A lot of fans will read that sentence and think that I am thanking him for socking Jose Bautista in the face a few short months ago, and to a certain extent, that is why I’m thanking him. Hundreds of pieces have been written about that incident and it was discussed and will be discussed every single time Jose Bautista’s team plays Rougned Odor’s team, but I am not thanking him for socking Jose Bautista in the face because he taught him some sort of lesson, I am thanking him for teaching me sportsmanship. Confused? Read on.
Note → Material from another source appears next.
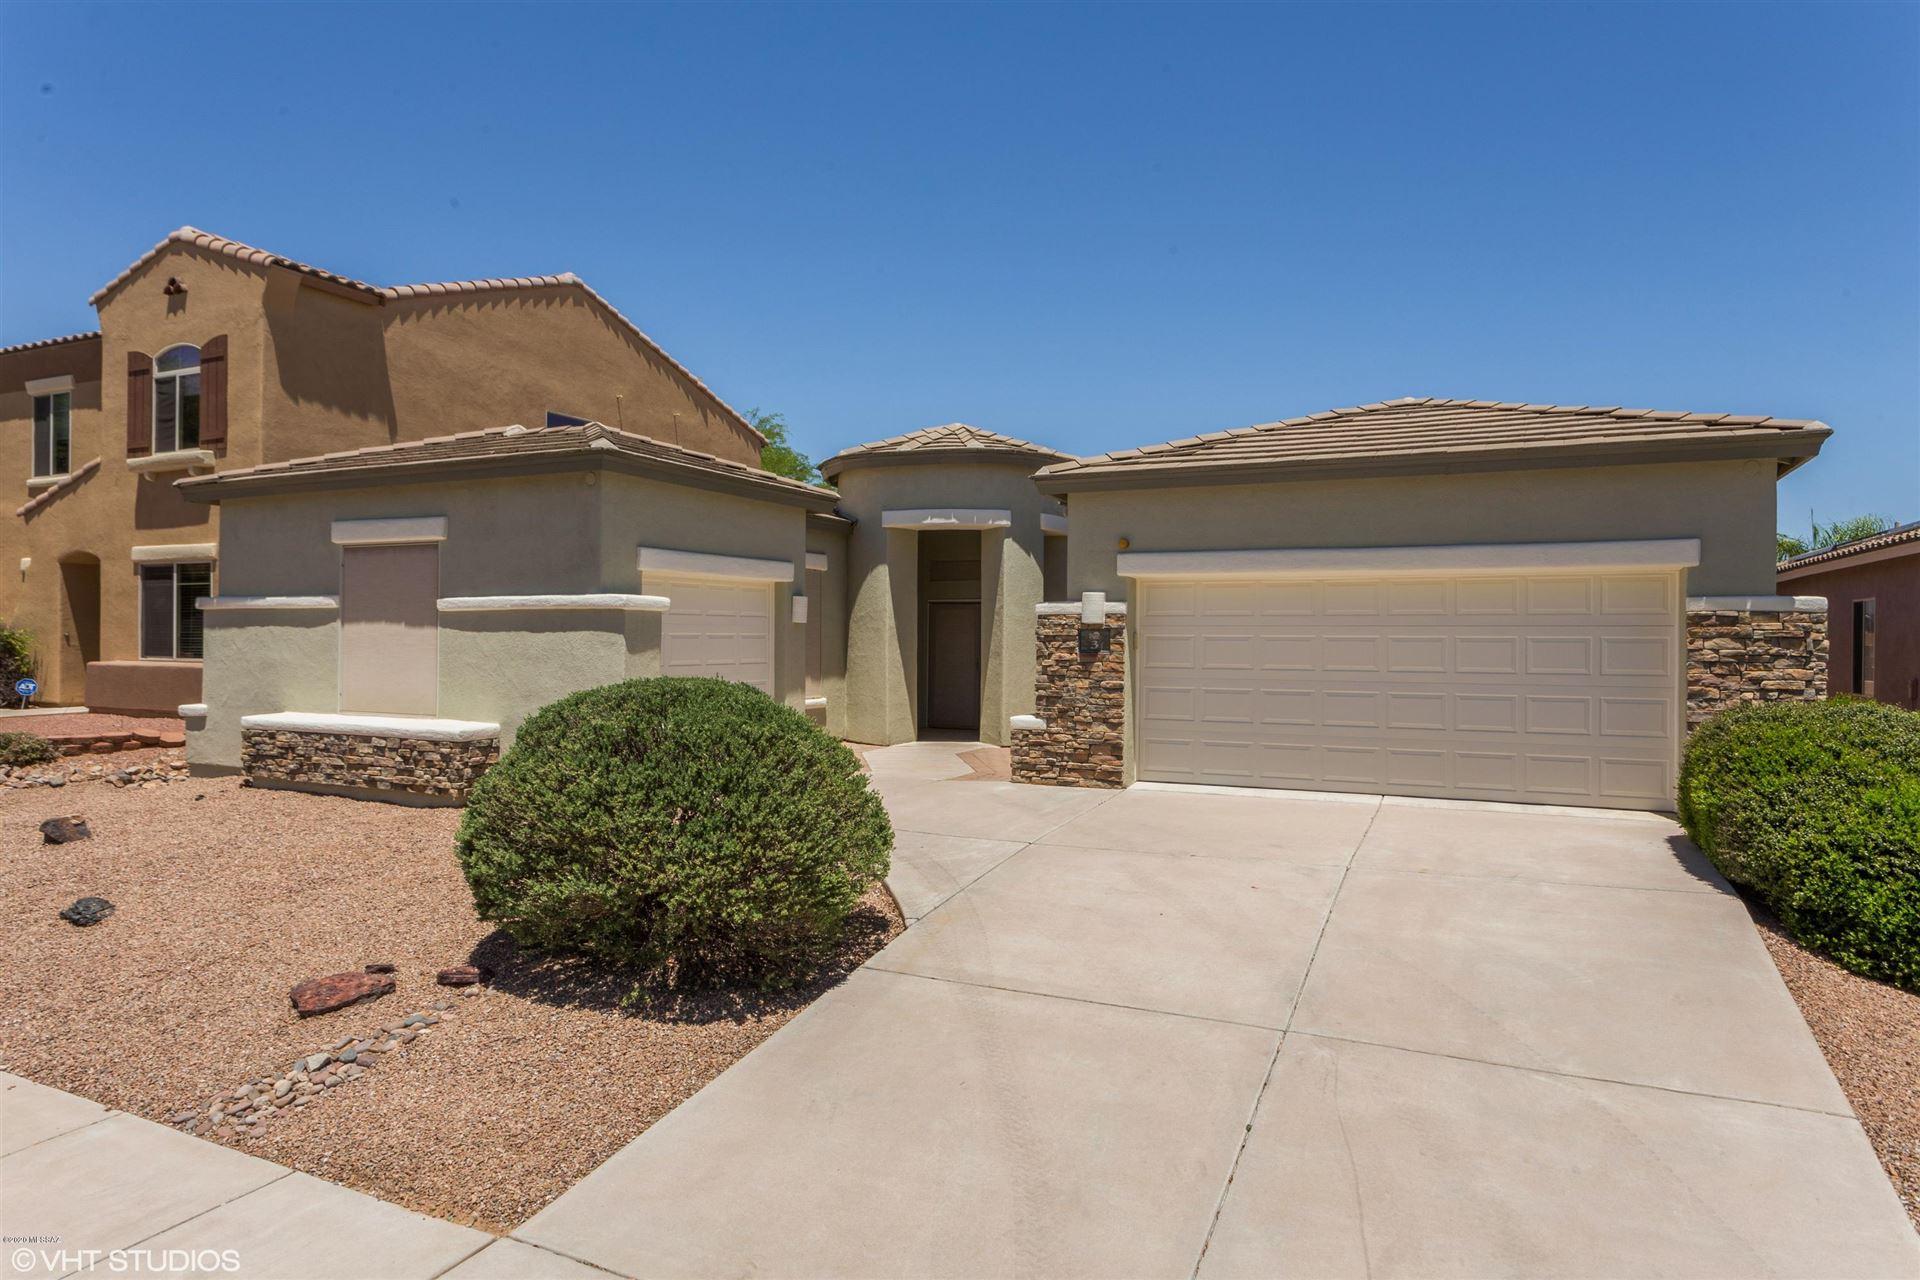 3 E Camino Rancho Cielo, Sahuarita, AZ 85629 - MLS#: 22013206

Rougned Odor himself is an excellent baseball player. He plays stellar second base and is that wonderful combination of power and speed that every team chases in every single player. Before he punched Jose Bautista in the face, I actually liked Rougned Odor. After he punched Jose Bautista in the face, well, let’s just say I’ll boo him whenever he comes to bat every single time. He has taught me the art of sportsmanship in the weird way of showing me exactly what I would never want to be and showing me exactly the type of player I would never want to have on my team. I know that may sound a bit strange considering my love of Jose Bautista and his erratic temper, but hear me out.
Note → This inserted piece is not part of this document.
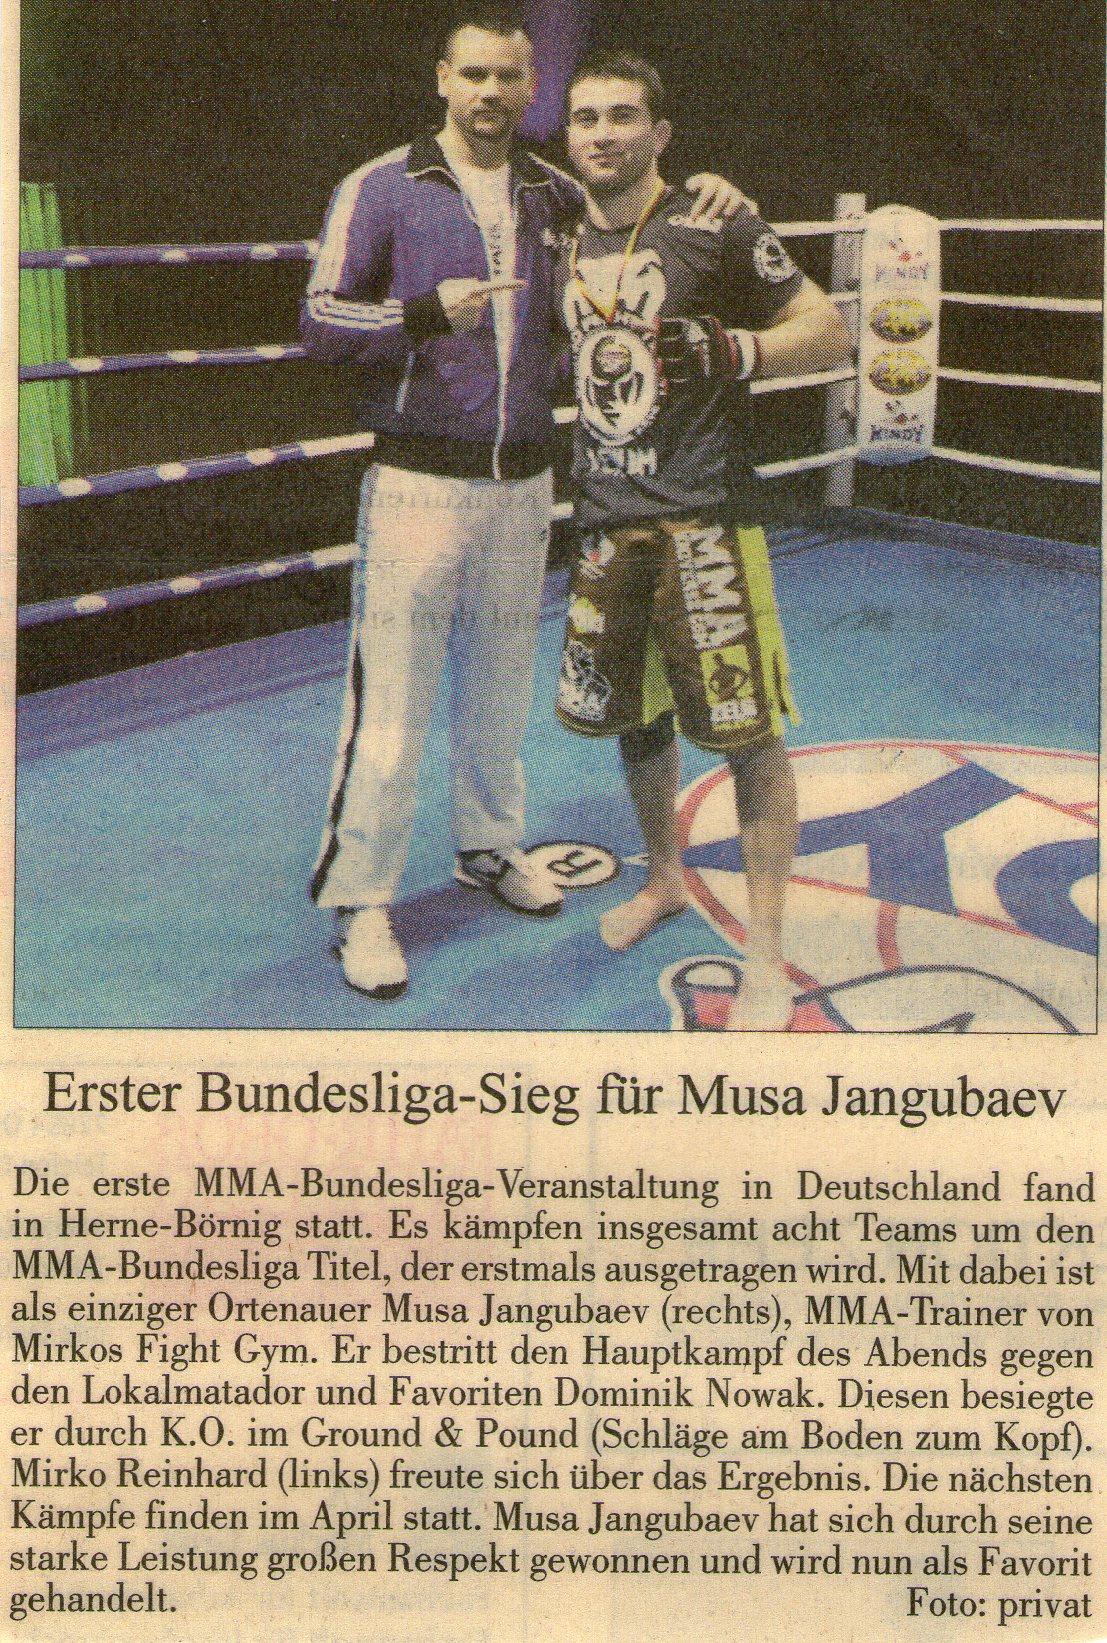 Erster Bundesliga-Sieg für Musa Jangubaev

Over the past year I began playing in a recreational softball league. Many of the teams we play are just a bunch of friends or coworkers who want something to do in the evenings once a week for fun. But then there’s the players that have the poorest sportsmanship and ruin it for everyone. The players that slam their bats when they get out, the players that yell at their teammates when they make and error, and the players that get into arguments with the other team over trivial calls in a recreational softball league. What Rougned Odor taught me is that I never want to be that person and I never want that person on my team. I never want to punch someone in the face just because I thought they might come at me or just because I don’t like them. After all, baseball is a game. We get so intense and so frustrated with our home teams that we tend to forget the fact that it’s a game with a ball and a bat that, in the grand scheme of things, doesn’t really matter. I wonder if, at the end of his life, Rougned Odor will think back to the day he punched Jose Bautista and understand how silly it was at the time.
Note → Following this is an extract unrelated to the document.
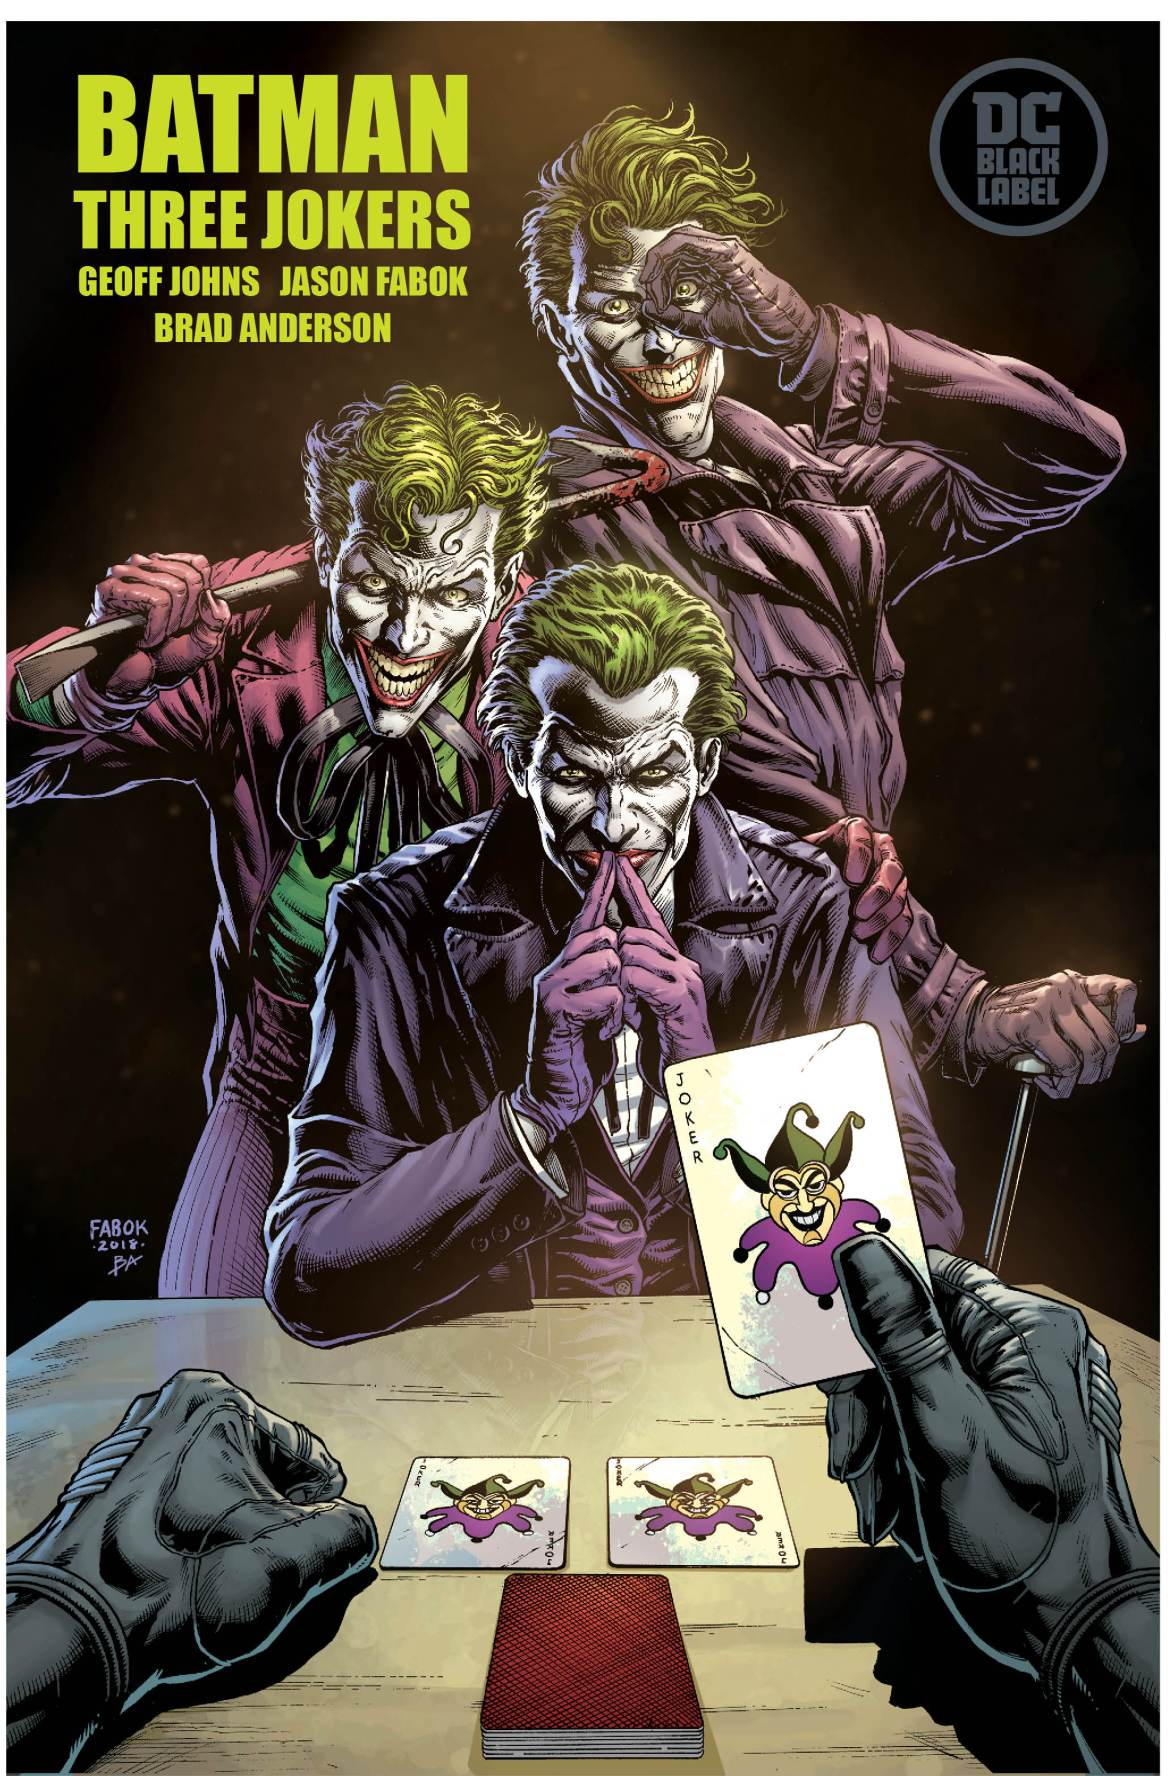 sdcc2018 dc comics news three jokers

Not only did he teach me sportsmanship and understanding that getting upset over something like baseball is pointless, he also taught me that there’s no point in getting angry with someone over something that you cannot control. Let’s think back to why he sucker punched Bautista in the first place; because the man hit the biggest homerun of his career when the spotlights of the world were on him and he threw his bat a few feet in celebration. The entire state of Texas was mad at a man for experiencing happiness because it came at their expense. One thing that my brother always taught me growing up in the city of Toronto (where the home team always loses) is that somebody has to lose. There would be no point of playing baseball for a championship if all thirty teams got to win the World Series every season. I would have thought that Rougned Odor would understand that by now, considering how many major league games he’s played in his life, but I guess he doesn’t and I guess that’s something that he’ll hold with him for the rest of his life considering the outcome of the 2016 American League Division Series. I certainly hope that nobody gets hurt in the first series between the Blue Jays and Rangers in the 2017 season, but I’m afraid something like that might happen again. It’s a cliche but when you drink poison and expect the other person to die, you’re only killing yourself, a lesson that Rougned Odor and the Texas Rangers have yet to learn.
So yes, Jose Bautista can be a jerkwad at times. Yes, he flipped a bat and pissed of an entire state, an entire nation even, but the one thing that Rougned Odor taught me is that the best type of revenge is to just win with a smile on your face because at the end of the day, it’s just a game.